The militant, who was initially identified by pseudonym Chota Burmi, was killed along with his associate and commander Adeel Pathan during a gunfight in a forest near south Kashmir’s Tral town on Sunday afternoon. The police sources, however, told The Tribune that Chota Burmi’s real name was Abdur Rehman al Arkani or Abdur Rehman of Arakan.

Arakan is the old name of Burma’s Rakhine state, home to persecuted Rohingya Muslims. The two security agencies, the police and the Army, personnel of which killed the militants in a surgical operation, in their official statements had identified the slain as “foreign militants” without revealing the exact origin.

It is usually difficult for security agencies to verify the exact origin of foreign militants who are killed in gunfights. The sources said Burmi is believed to have been a resident of Burma. Burmi had infiltrated into Kashmir in 2013 and was part of an eight-member group of foreign militants who had established a base in south Kashmir’s Awantipora sub-district.

Chota Burmi, as he was known to security agencies, was affiliated with Jaish-e-Mohammad, the group founded by Maulana Masood Azhar, the militant commander who was released in 1999 in exchange for hostages of the hijacked IC-814 Indian Airlines plane.

Jaish-e-Mohammad, like other militant groups operating in Kashmir, has a history of recruiting militants from across Muslim countries. One of the Jaish-e-Mohammad’s early militant strike was carried out by a Birmingham resident Mohammad Bilal, who had exploded a car bomb outside the Army’s Corps headquarters here in 2000.
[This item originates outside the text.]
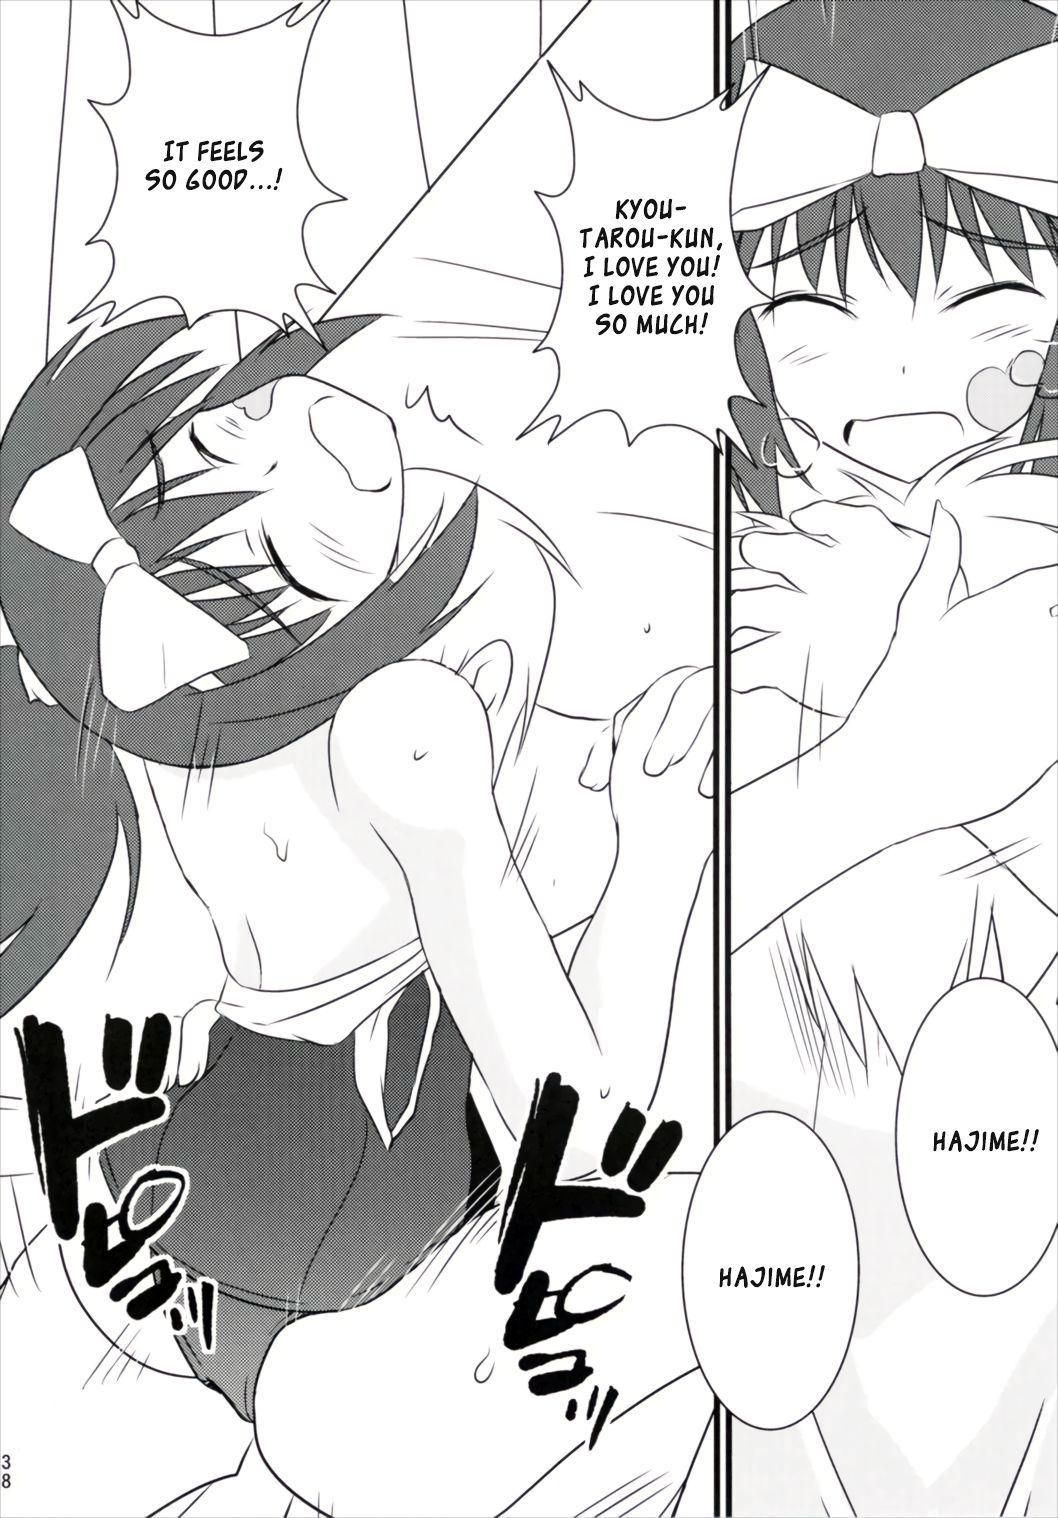 Hajimete no Sailor Fuku | Hajime's First Sailor Suit 37

Since the insurgency began in 1989, militants from several Muslim countries, including Pakistan, Afghanistan, Sudan, Yemen, Saudi Arabia and Iraq, have fought in Kashmir. Most of the foreign militants, however, were from Pakistan followed by Afghanistan.

Militancy in Kashmir has undergone a major shift in recent years as the number of foreign militants has significantly decreased and local cadres are taking a lead role. In the past year, nearly a hundred local youths took to militancy, most of them in south Kashmir’s four districts.

With the killing of Burmi and Pathan, the eight-member group of Jaish-e-Mohammad, active in south Kashmir for the past two years, had now two surviving militants whose current area of activity was not known, the sources said.